Override the default Llama3Config.construct_kv_params to use head_dim from config.

Qwen3 models have an explicit head_dim field in their configuration, unlike Llama models where it needs to be calculated.

Parameters:

  • huggingface_config (AutoConfig) – The HuggingFace configuration object.
  • pipeline_config (PipelineConfig) – The MAX Engine pipeline configuration.
  • devices (list[DeviceRef]) – Devices to use for the KV cache.
  • kv_cache_config (KVCacheConfig) – Configuration for KV cache.
  • cache_dtype (DType) – Data type for the cache.

Returns:

KVCacheParams object with the correct head_dim from config.

Return type:

KVCacheParams

decoder_sparse_step

decoder_sparse_step: int = 1

source

Sparse step for the decoder. Controls which layers use MoE.

ep_config

ep_config: EPConfig | None = None

source

Expert parallelism configuration. None means no EP.

initialize()

classmethod initialize(pipeline_config, model_config=None)

source

Initializes a Qwen3Config instance from pipeline configuration.

Parameters:

Returns:

An initialized Qwen3Config instance.

Return type:

Self

initialize_from_config()

classmethod initialize_from_config(pipeline_config, huggingface_config, model_config=None)

source

Initializes a Qwen3Config instance from pipeline and HuggingFace configs.

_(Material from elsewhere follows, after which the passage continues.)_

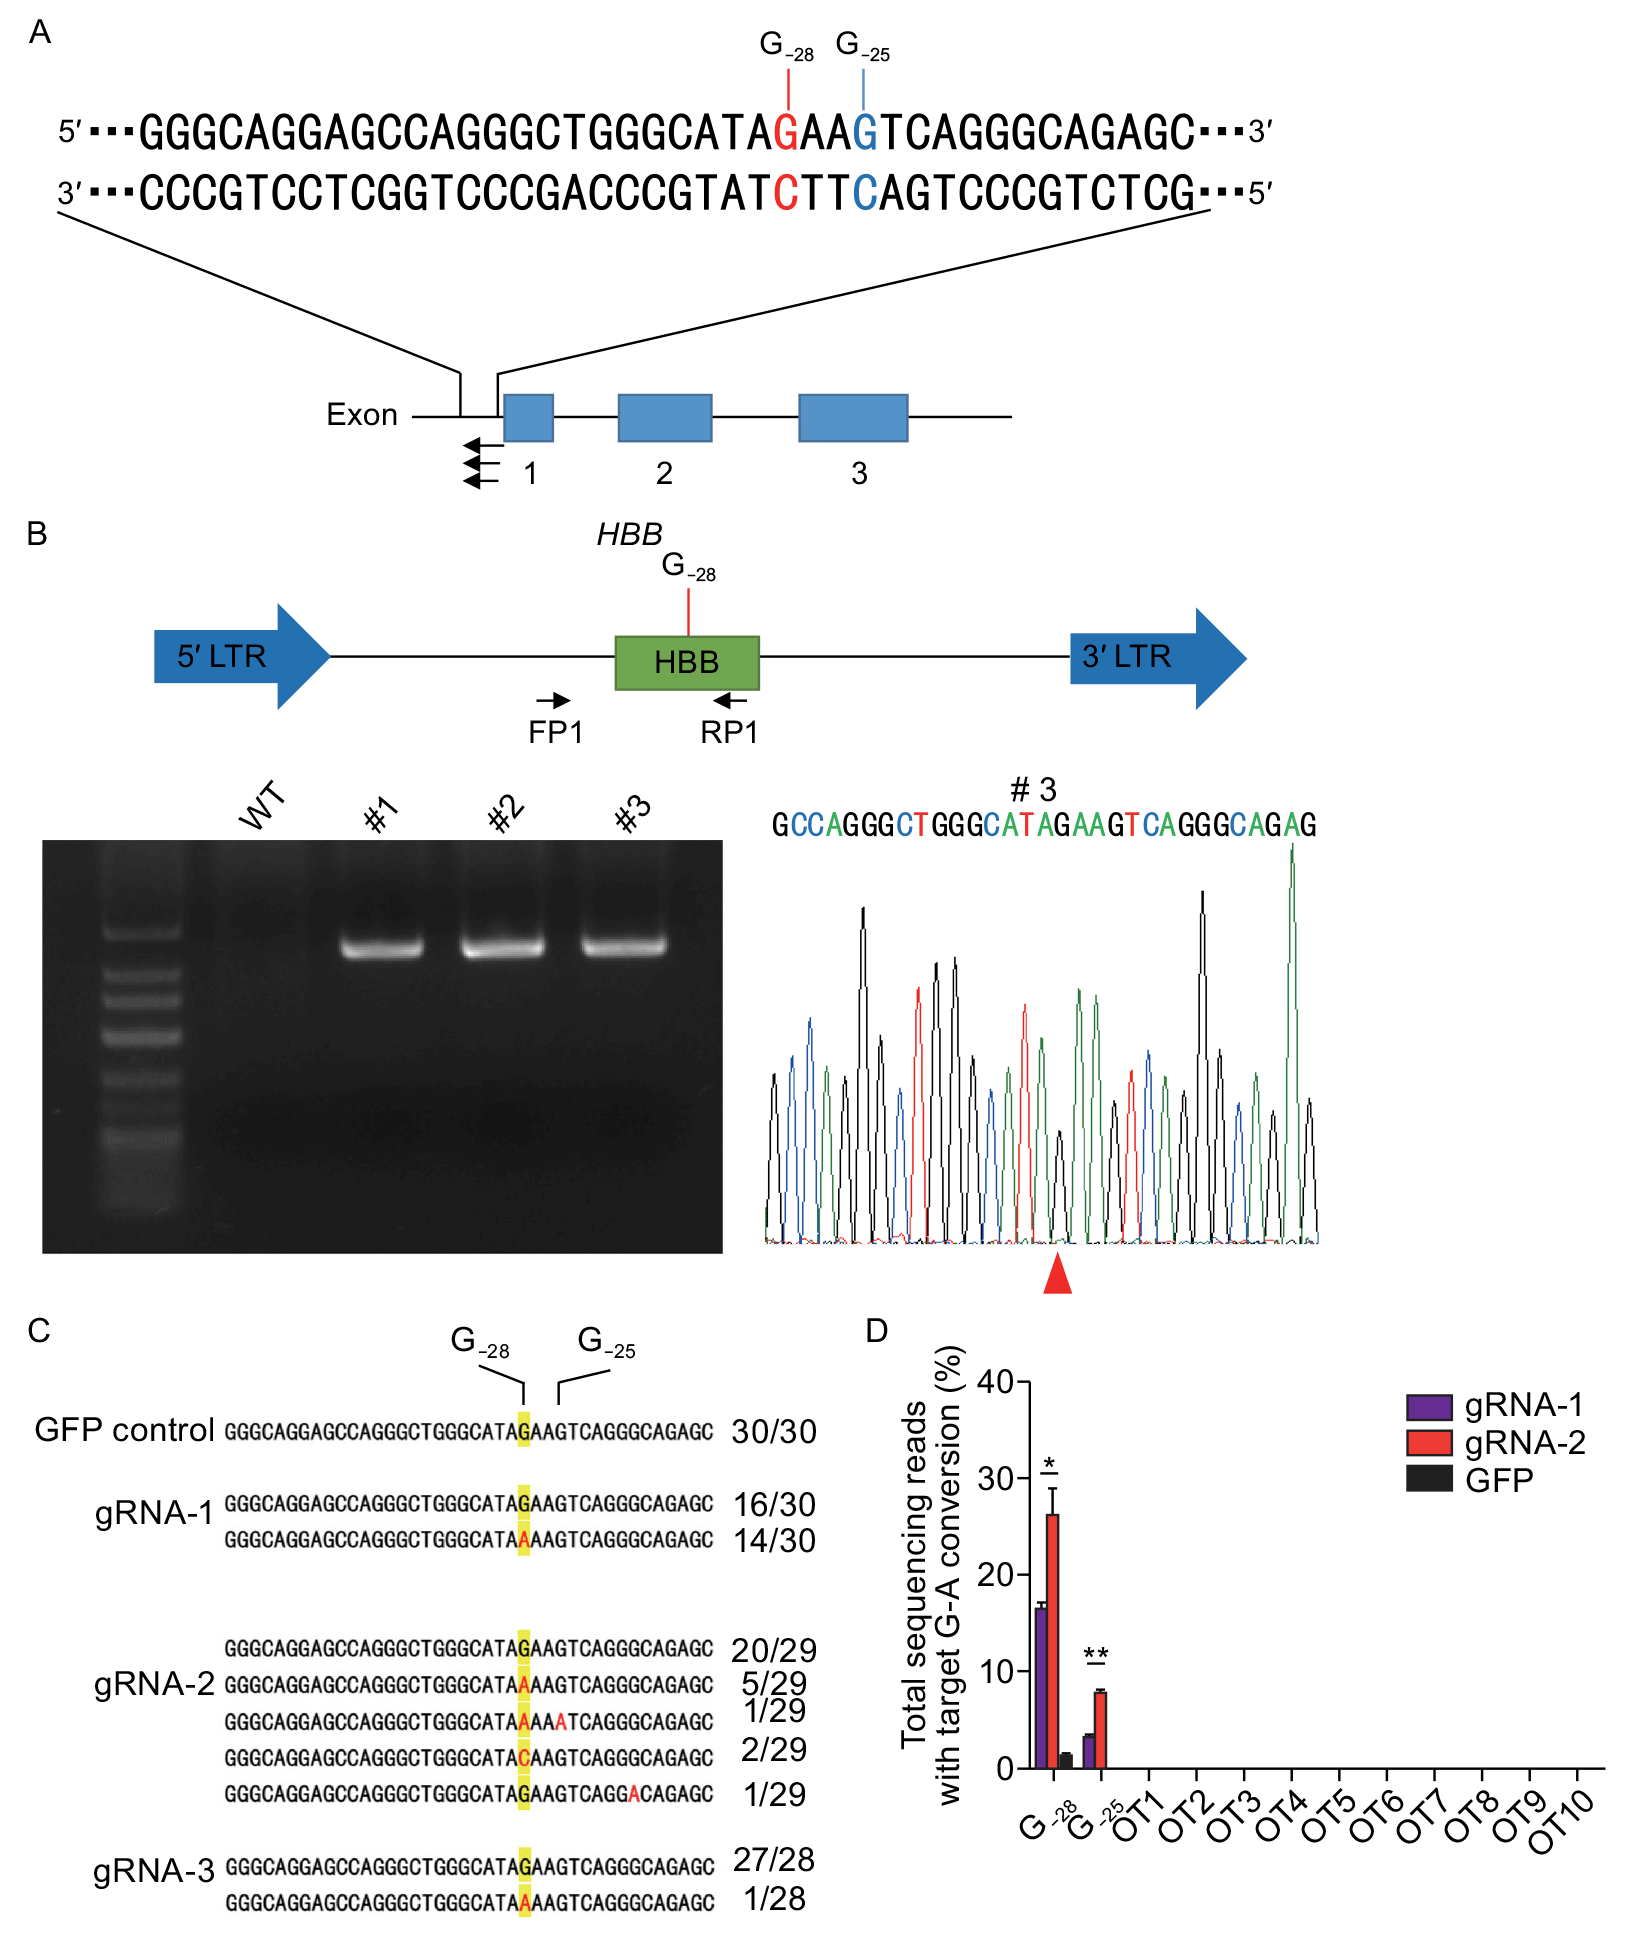 Устранение мутации A>G путём замены основания G на основание A в редакторе ДНК

This method creates a config instance with all fields that can be determined from the pipeline configuration, without needing the state_dict.

Parameters:

  • pipeline_config (PipelineConfig) – The MAX Engine pipeline configuration.
  • huggingface_config (AutoConfig) – The HuggingFace model configuration.
  • model_config (MAXModelConfig | None) – The MAX Engine model configuration.

Returns:

An initialized Qwen3Config instance.

Return type:

Self

mlp_only_layers

mlp_only_layers: list[int]

source

List of layer indices that use MLP instead of MoE.

moe_intermediate_size

moe_intermediate_size: int = 0

source

Intermediate size in the MoE layer. If 0, uses intermediate_size.

norm_topk_prob

norm_topk_prob: bool = False

source

Whether to use top-k probability normalization in the MoE layer.

num_experts

num_experts: int = 0

source

Number of experts in the MoE layer. 0 means dense model (no MoE).

num_experts_per_tok

num_experts_per_tok: int = 1

source

Number of experts per token in the MoE layer.

Qwen3Model

class max.pipelines.architectures.qwen3.Qwen3Model(pipeline_config, session, devices, kv_cache_config, weights, adapter=None, return_logits=ReturnLogits.LAST_TOKEN, return_hidden_states=ReturnHiddenStates.NONE)

source

Bases: AlwaysSignalBuffersMixin, LlamaModelBase

Qwen3 pipeline model supporting single-GPU, TP, and DP+EP inference.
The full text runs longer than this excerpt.